4th Class review: Sulitnya Menaklukan Engkau!



4th Class review
Sulitnya Menaklukan Engkau!
(By: Fitria Dewi)
Menulis bukanlah sesuatu yang mudah, sepertinnya pernyataan itu sangat benar sekali adanya.  Menulis bukanlah sesuatu yang mudah, jika kita tidak berusaha melatih dirikta agar pandai untuk menulis.   Selain itu, dalam menulis kita juga hurus pandai-pandai menuangkan ide-ide yang kita miliki dan tidak lupa pula, kita harus pandai-pandai melihat akan kearah manakah tulisan kta itu dilabuhkan.

Jangan sampai ketika kita menulis, kita merasa kebingungan dengan arah yang akan kita tuju dengan tulisan kita tersebut, bisa-bisa kita akan salah melabuhkannya.  Apalagi ketika kita sedang mengkritik sebuah teks, kita harus benar-benar mengerti maksud dan tujuan dari teks tersebut.  Seperti yang terjadi pada saya dan teman-teman saat mengkritik sebuah teks karya Prof. A. Alwasilah minggu lalu.

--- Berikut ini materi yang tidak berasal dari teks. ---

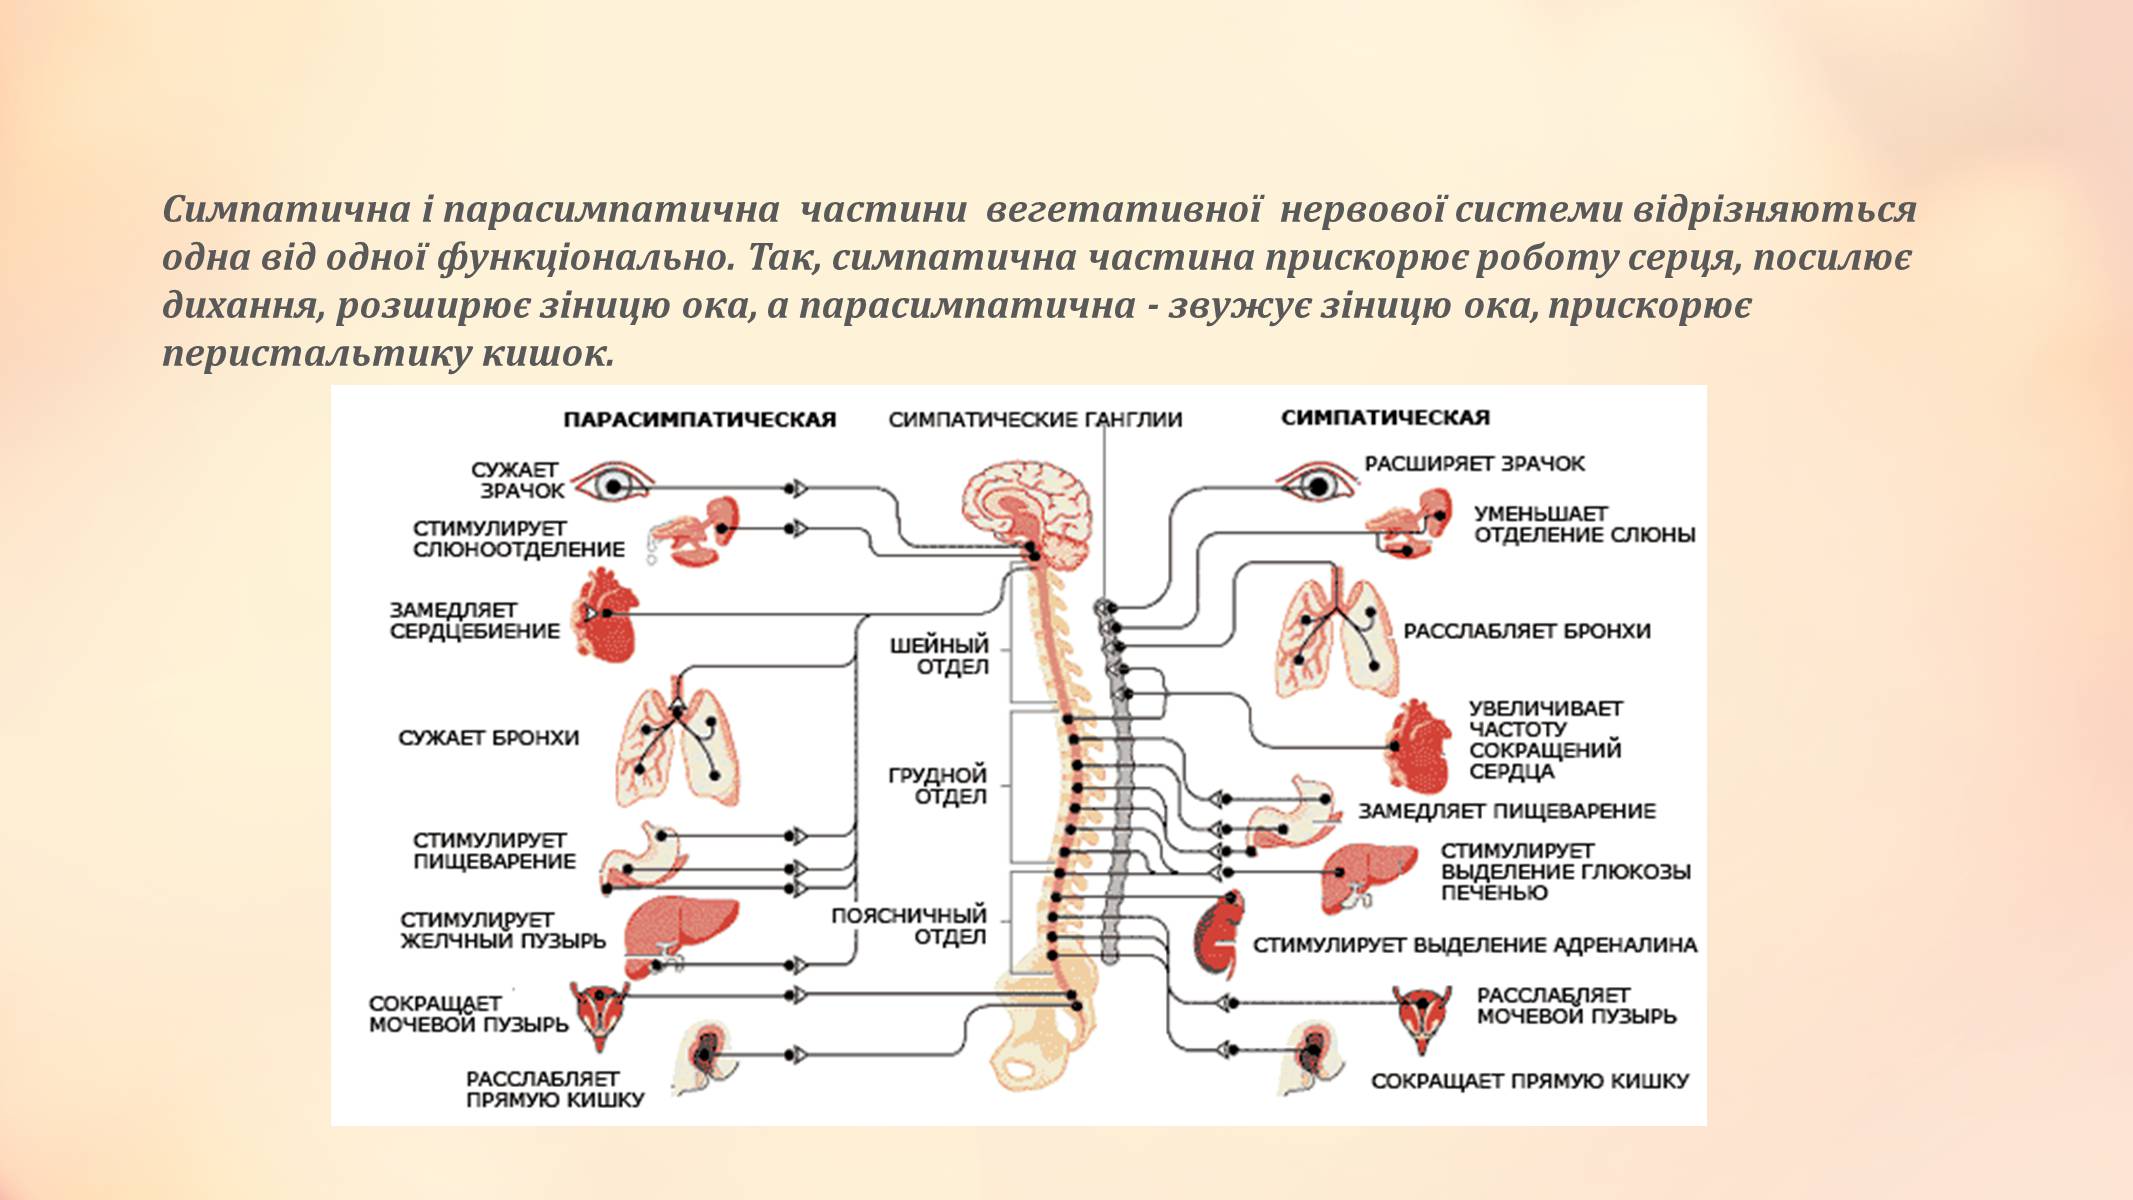 Нервный отдел и функции парасимпатической. Парасимпатический отдел вегетативной нервной системы. Автономная нервная система: парасимпатическая система. Отделы нервной системы человека симпатическая и парасимпатическая. Центральный отдел парасимпатической нервной системы.

Pada minggu lalu, ketika saya di suruh untuk sebuah teks mengkritik sebuah teks karya bapak Prof. A. Chaedar Alwasilah yang berjudul “Wacana Kelas Untuk Memupuk Kerukunan Beragama”, seharusnya penjelasan yang saya paparkan itu mengenai Classroom Discourse, tapi saya malah lebih banyak membahas mengenai sistem pendidikan di Indonesia.  Sebenarnya materi yang saya paparkan dari tugas critical review itu, tidak melenceng jauh sekali karena dalam pemaparan tersebut saya membahas mengenai bagaimana cara mengajarkan toleransi beragama dilingkungan sekolah.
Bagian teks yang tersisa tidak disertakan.